Angelo Bonadonna’s picture

I just downgraded back to 4.4, and my old Pentium II is screaming fast (kinda) in all browsers. I've got to think there's a problem with 4.5. I am, however, looking through the Sunday Best Buy ads for one of those 3 MHz processors machines.... I know I'm overdue for a hardware upgrade. But the old machine handles the load so well in the old version....

Dries’s picture

Interesting. Any chance you can analyze/debug this further? I'd be happy to cure the problem if you can (help) find out the cause.

boreal’s picture

I am experiencing the same behaviour with my Drupal system. I'm almost sure it has nothing to do with the browser that's accessing the pages since I've tested it with Mozilla, Firefox and Konqueror.

I started noticing the slowness when I was editting my RSS feeds under the aggregator admin section. The loading of the main aggregator admin page is consistently slow and running top on my server shows the same thing as written above. Basically mysqld uses between 90 and 99% of the CPU for about 8 seconds. That's a long wait.

What can I do to help debug this issue?

update: my server is a 2.4Ghz P4 with 512MB RAM so performance of the hardware shouldn't be the issue.

Angelo Bonadonna’s picture

Hmm...I was coming here to apologize for not responding to Dries's generous offer of help, but I'm not all that well-versed in these matters, and I wanted to do whatever sleuthing I could to help out. Typically, I plunge on in and hope things work, and usually they do--eventually--with some critical help here and there.

Anyway, up to a few moments ago when I saw boreal's post, I thought I had narrowed things down a bit, but now I realize I've probably got it wrong. Here's what I did:

I had the opportunity to test three different installations (all Debian Linux systems running Apache 1.29, MySQL 3.23.49, and PHP 4.3.7). The one variable I thought I was testing for was processor speed: one machine had a 333 MHz processor, another a 550 MHz, and the third a 1 GB processor. Well, the problem (MySQL bogging down the process and drupal slowing down but eventually working) occurred on the two slower machines, but not the 1 GB machine.

So I had all the excuse I needed: I rounded up the funds and purchased some new hardware. My main machine (the 333 MHz one) has really needed replacement, so I'm not distressed if its age, in fact, wasn't the problem in this matter. I haven't swapped out the machines yet, so I don't know--maybe my problem IS fixed...

But what got my attention is boreal's mentionof RSS.

When I upgraded to 4.5, I also started using RSS feeds for the first time. Coud RSS or the news aggregator somehow be tied to the problem? In any event, it was a variable I wasn't even considering back when I had 4.5 running.

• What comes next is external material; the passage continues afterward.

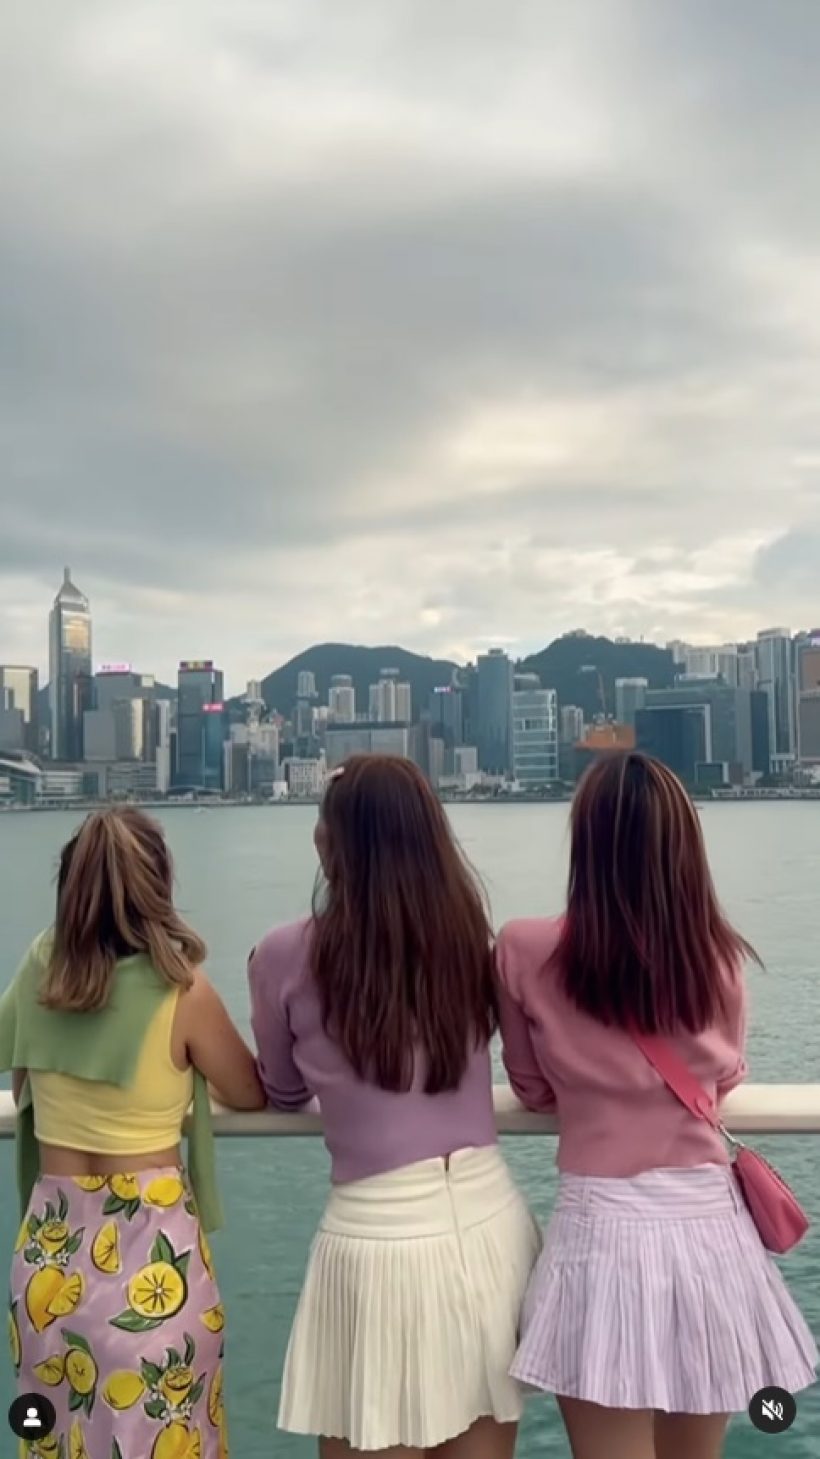 สนิทกันตอนไหน? สาวสวย 3 คนนี้ซี้กันมาก ล่าสุดยกทีมเที่ยวฮ่องกง

And for some reason, when I tested, I had the two slower machines configured to receive RSS feeds, but not the 1 GB machine. I do have to add, however, that I am now using RSS feeds with the 4.4.2 installation on the 333 MHz machine, and there's no noticeable problem.

Sorry for going on, and not really saying that much. But the RSS feeds issue seems to be a good lead. Once I get my machines swapped out and the drupal installation upgraded, I'll see if I can narrow things down further.

Thanks--as always--really, profound thanks (I sometimes read with sadness some of the impatient or less than kind comments that occasionally (but fortunately not terribly often) get posted in the forums here; there is such generosity behind this project; so many have been helped by it, and I know I speak for many of them when I say bravo and our deepest thanks to all who have contributed to this project.)--Angelo

boreal’s picture

Hi Angelo! Could you explain where you were experiencing the poor performance? I can reproduce my issue every time I access the aggregator admin page. Is there a part in your Drupal system that consistently runs slowly that I could try and test on my system?

Thanks,

boreal

Angelo Bonadonna’s picture

Unfortunately, my problem was so extreme, I had to uninstall 4.5 immediately. The loading of MOST pages (but oddly not all) took 10 to 20 seconds. But I have my new hardware just about all configured, and will be doing the switchover this weekend. So I'll definitely be testing then, and will report back. I'm encouraged by your posting, for it suggests that the problem, if it comes back for me, might be solved (at least temporarily) by shutting down the news aggregator and RSS feeds. Those are nice features, but not essential for my setup.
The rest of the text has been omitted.